**TASK TO COMPLETE:** Only the pictures should be left out; write out all other data exactly.

RAW DATA below:

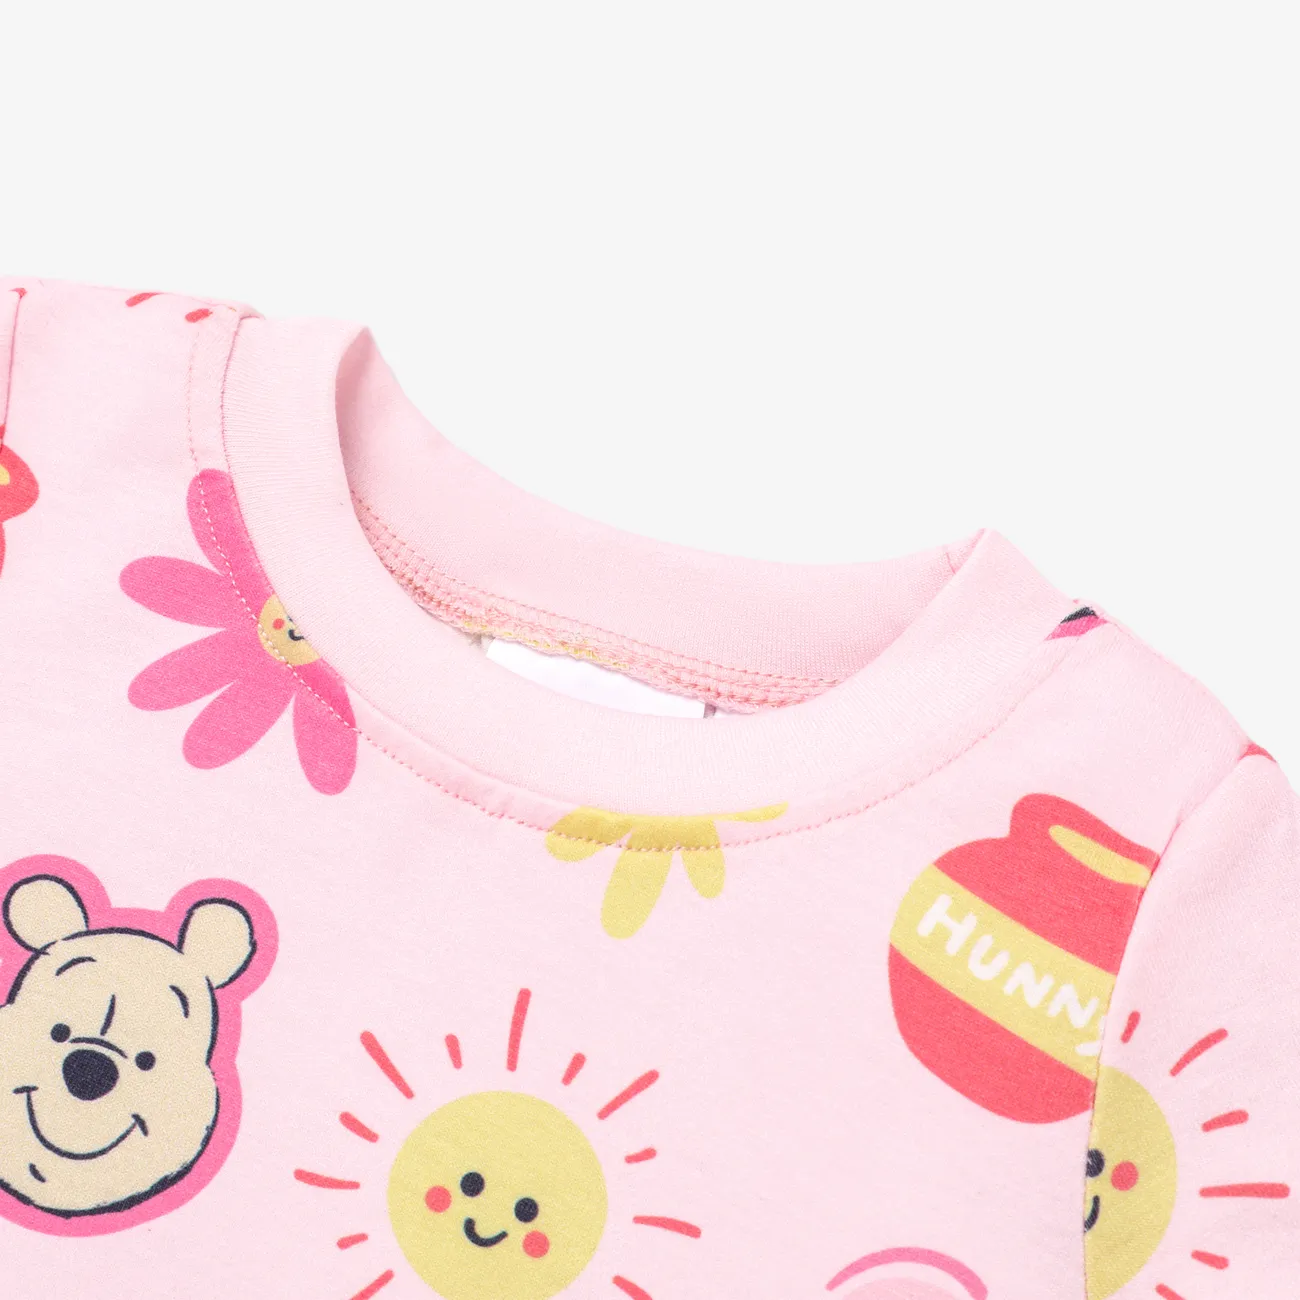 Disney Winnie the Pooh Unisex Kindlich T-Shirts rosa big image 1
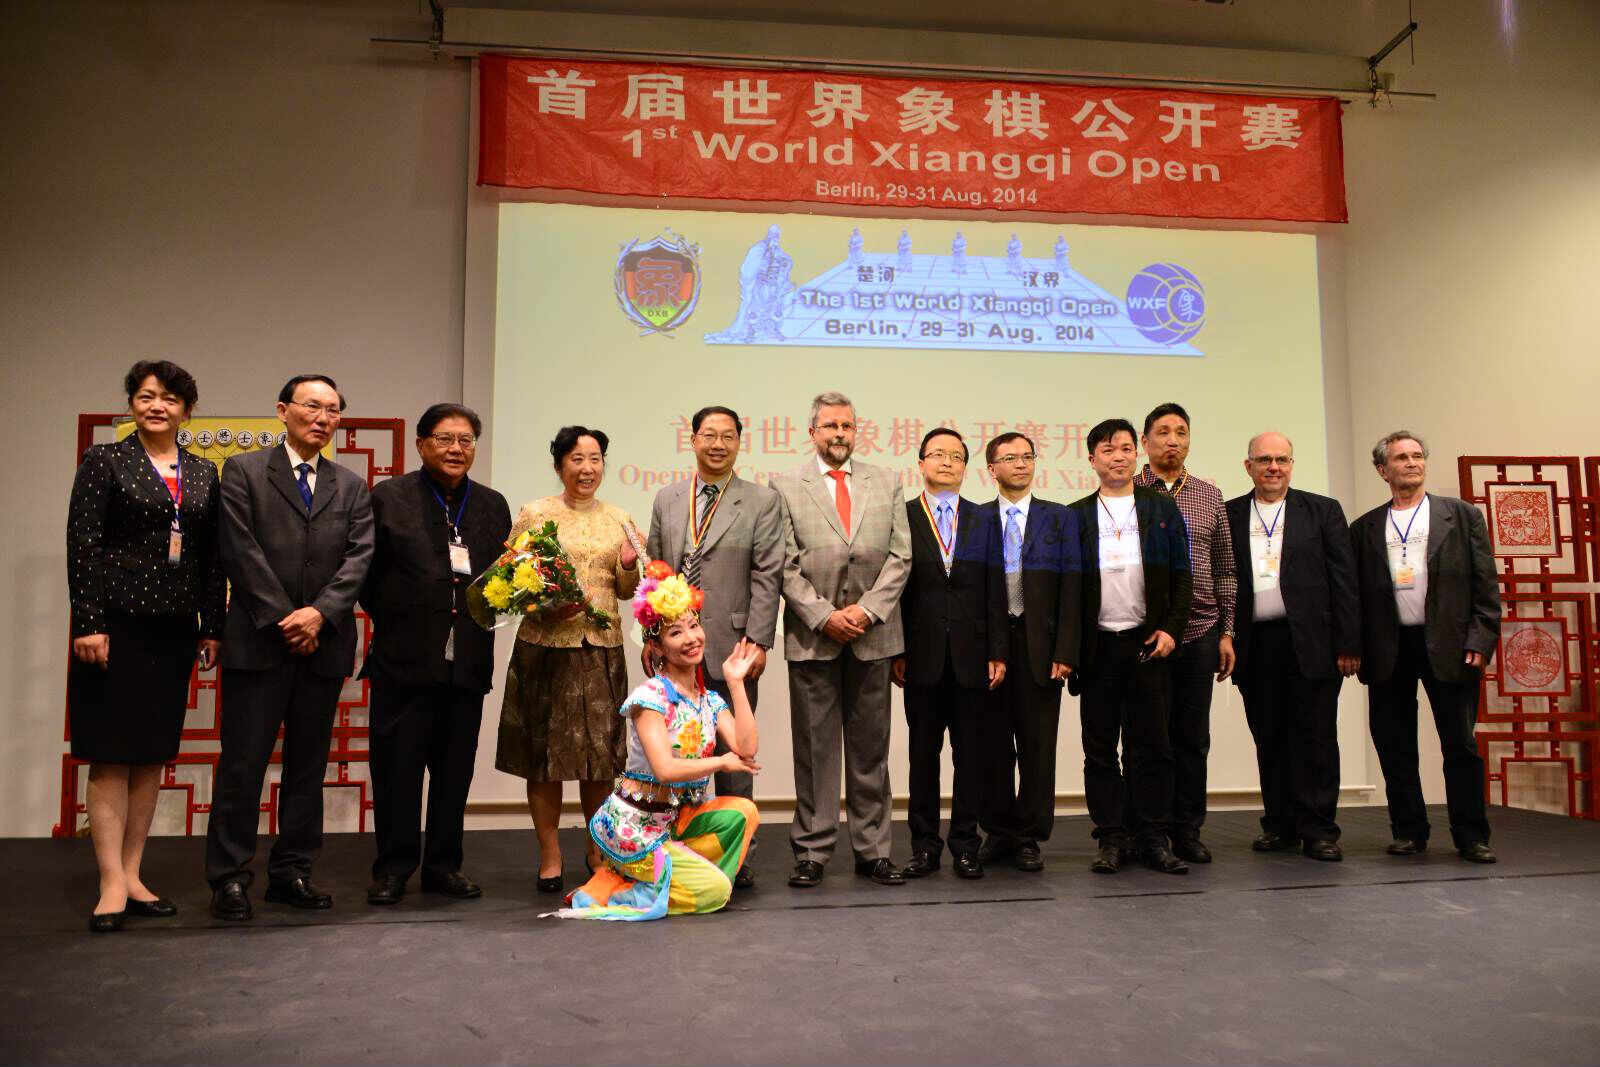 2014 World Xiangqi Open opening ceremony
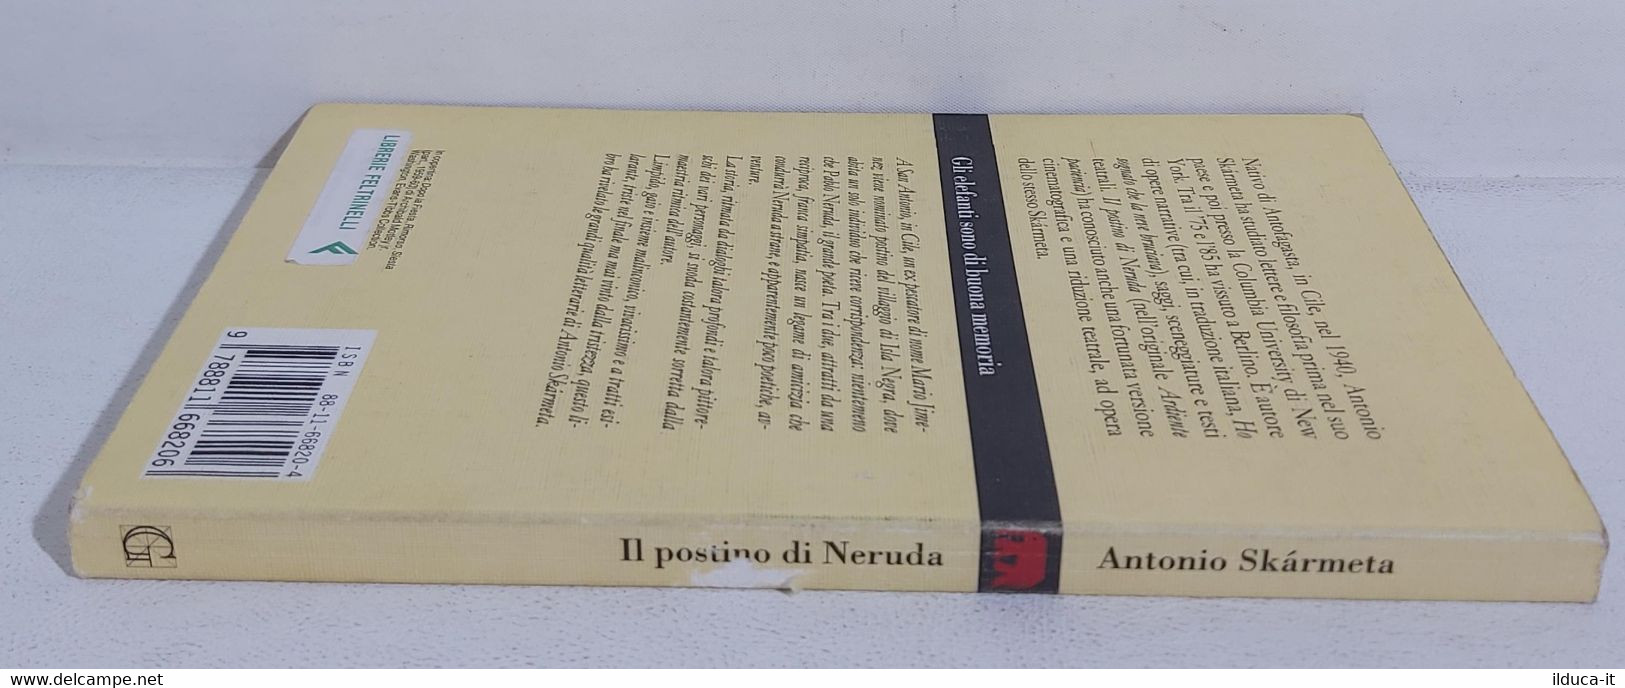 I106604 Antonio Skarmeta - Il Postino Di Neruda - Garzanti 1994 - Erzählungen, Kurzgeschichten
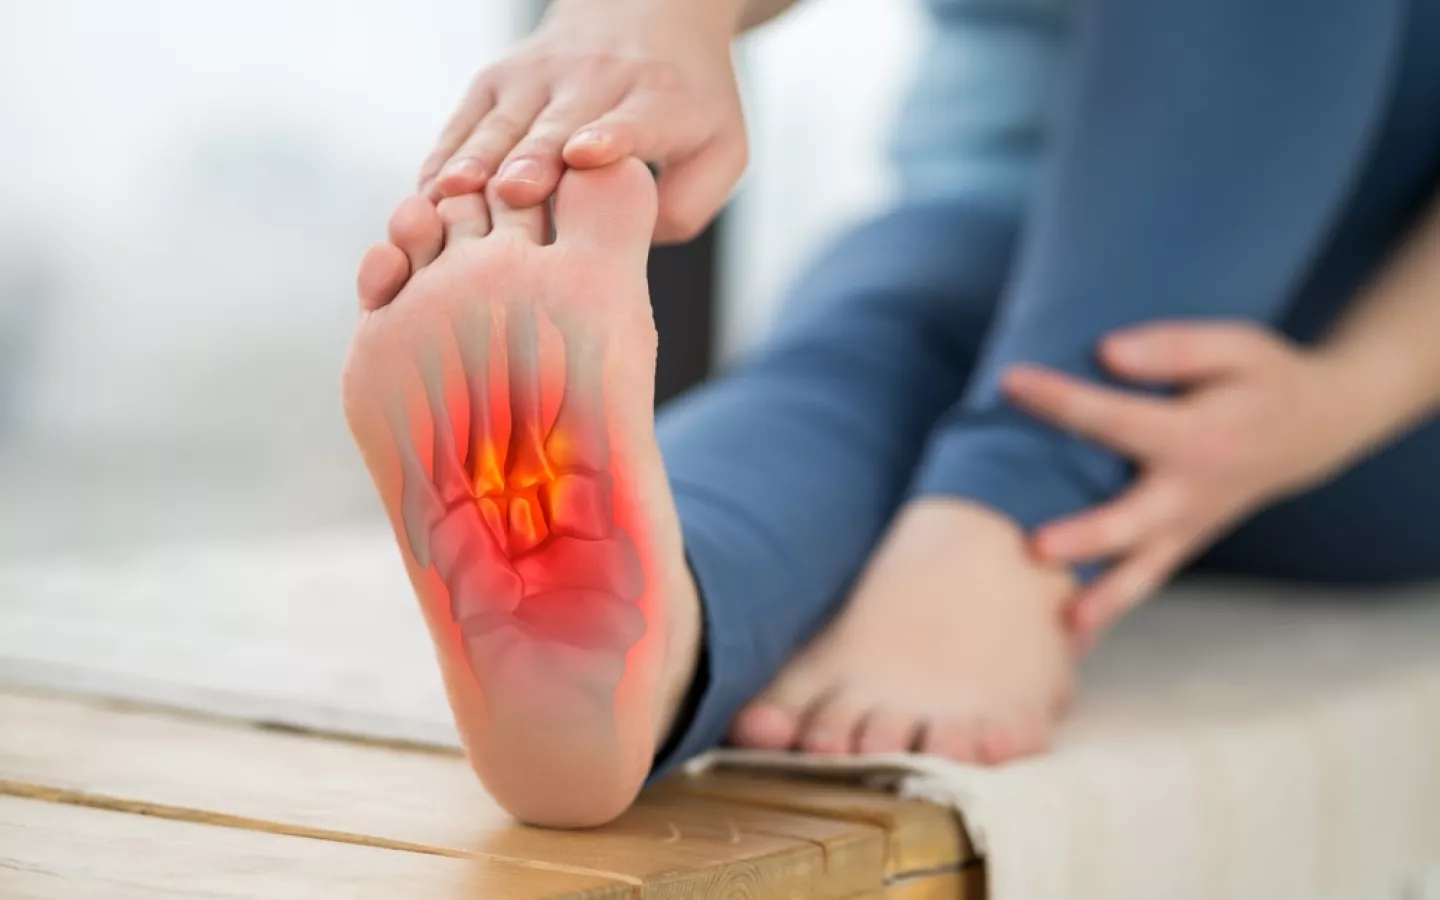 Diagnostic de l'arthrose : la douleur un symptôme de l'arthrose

End of RAW DATA.

**PROBLEM SOLUTION:**
 Disney Winnie the Pooh Unisex Kindlich T-Shirts rosa big image 1
 2014 World Xiangqi Open opening ceremony
 I106604 Antonio Skarmeta - Il Postino Di Neruda - Garzanti 1994 - Erzählungen, Kurzgeschichten
 Diagnostic de l'arthrose : la douleur un symptôme de l'arthrose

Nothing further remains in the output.